ENTREVISTA CON EL MAESTRO HUGO LÓPEZ CHIRICO

Hugo López Chirico dirigiendo



















“He sido discriminado artísticamente por todos los gobiernos del  Frente Amplio”


Esta entrevista fue realizada para la sección "O2" del diario montevideano "El Observador"  pero no fue publicada debido a que el editor la consideró de poco interés para sus lectores. Por esta razón he decidio publicarla en esta blog.


 por eduardo paz carlson  

12 oct. 2011 bar expresso   
                                                          
                                                 
1973, golpe de Estado en Uruguay. ¿Qué pasó con su carrera de Director de Orquesta?

El día del golpe me negué a dirigir el que sería el primer  concierto de la Ossodre bajo la    dictadura. Tres años logré seguir trabajando. Tenía un cargo estable al que había accedido por concurso en la Sinfónica Municipal. ¡Creo que fui el último director que llegó por concurso a una orquesta uruguaya!  Y claro, para echarme (y tenían que echarme porque había un proceso  de purga de elementos opositores al régimen cívico-militar), no era fácil porque yo había entrado por concurso y, debo reconocer, que no me violaron ningún derecho humano, tuve garantías procesales,  me hicieron un “debido proceso”,  con  derecho a la defensa, y después resolvieron lo que ya tenían decidido: removerme del cargo.
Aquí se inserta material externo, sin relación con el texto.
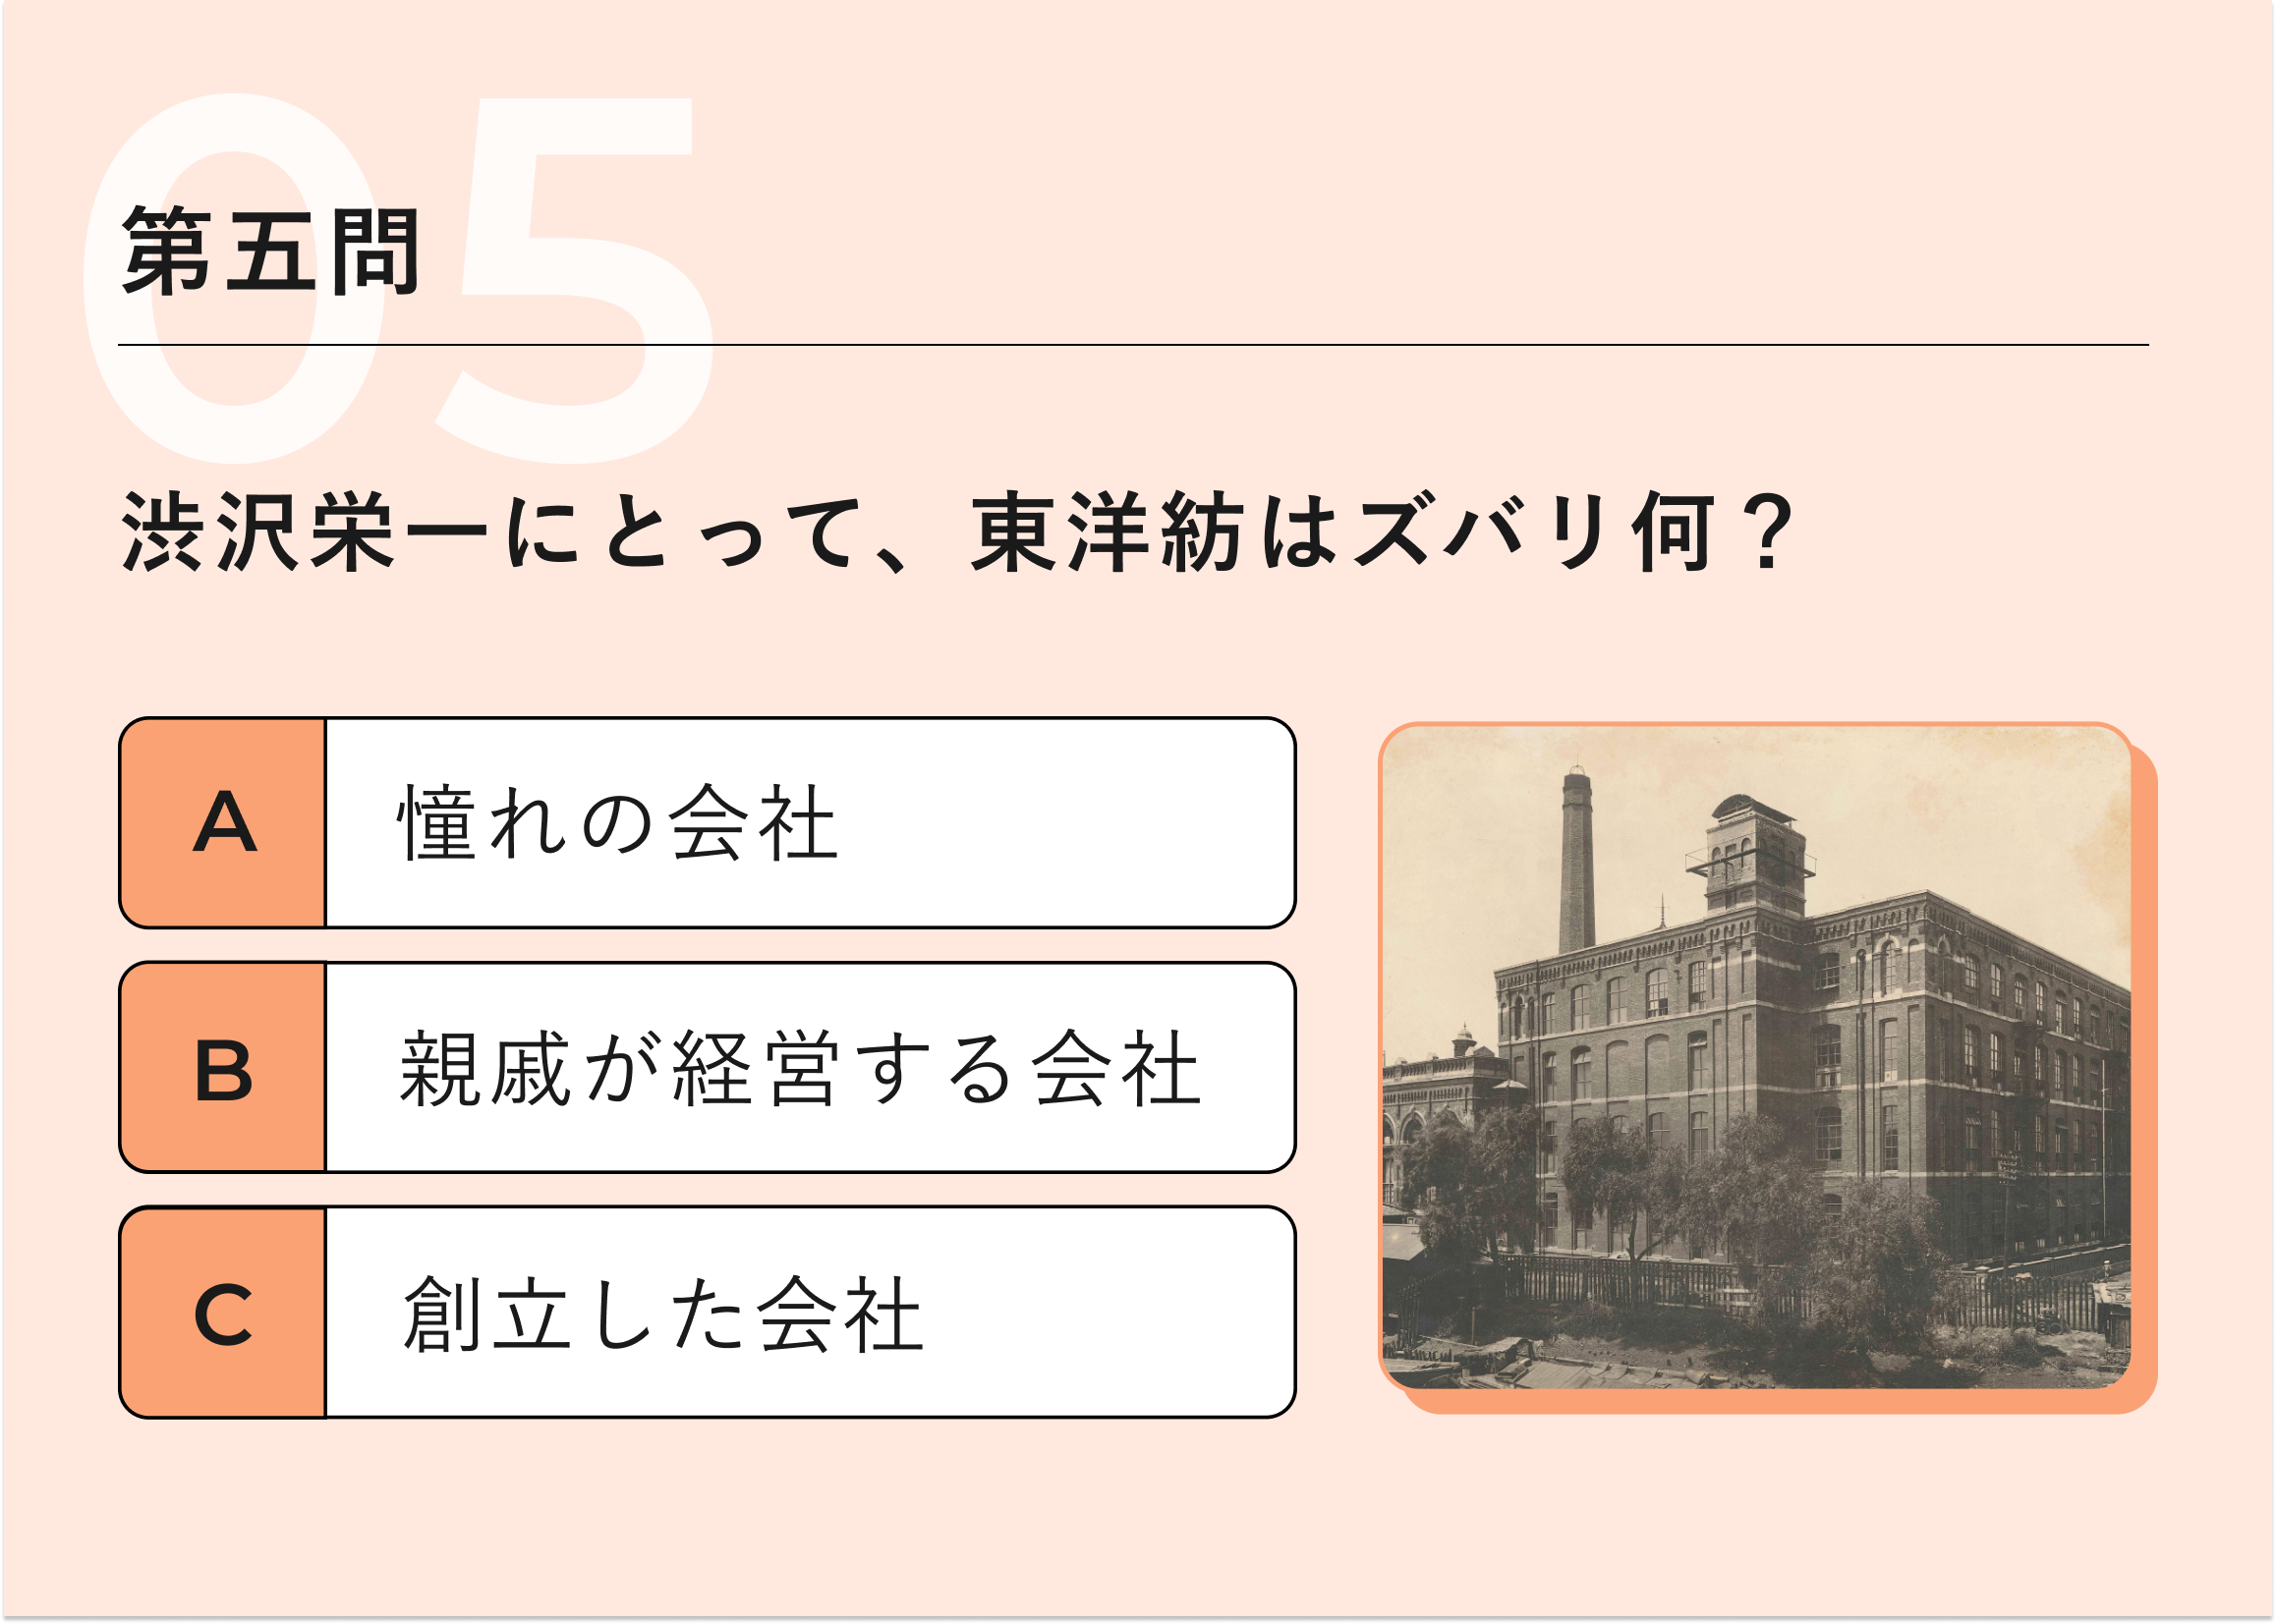 第五問：渋沢栄一にとって、 東洋紡はズバリ何?　A憧れの会社　B親戚が経営する会社　C創立した会社

Las formas las respetaron porque el Municipio era un enclave civil  dirigido por un abogado que creo  además, no tenía ninguna gana de echarme: yo era un buen negocio para el Municipio.

Y durante esos 3 años, ¿siguió dirigiendo?

No solo que seguí dirigiendo… ¡fueron los años en que dirigí más y mejor! Se produjo una paradoja. La gente empezó a verme como un sobreviviente y era casi un acto de resistencia ir a mis conciertos. Pero también había algo más profundo y menos personal: la gente sabía lo que estaba pasando, la lucha era horrible, y había un innegable descenso hacia la inhumanidad.  La gente buscaba asideros en la cultura  que contrapesasen esa violencia que ocurría. Y allí estaban los conciertos, estaban Mozart, Beethoven, que representan lo mejor de lo humano.  Hubo además un  lado  práctico que me favoreció en el trabajo: hasta el momento de la instauración de la dictadura había un juego político de muy baja estofa, había de todo… políticos con mayúsculas y otros con minúsculas.  Estos últimos querían súbditos manipulables y yo no lo era.  Ergo: me cercaron administrativamente.  No tenía funcionarios. Dirigía en la semana y administraba los domingos. La mejora práctica que supuso la dictadura, fue que esos politicastros de cuarta se asustaron  “del  hermano grande”   uniformado y con  velocísima diligencia me dieron los  mejores funcionarios imaginables. No sólo pude dirigir montones de conciertos sino que “me brotó” la escultura. Hasta el momento mismo de irme estuve haciendo entusiastamente las dos cosas.  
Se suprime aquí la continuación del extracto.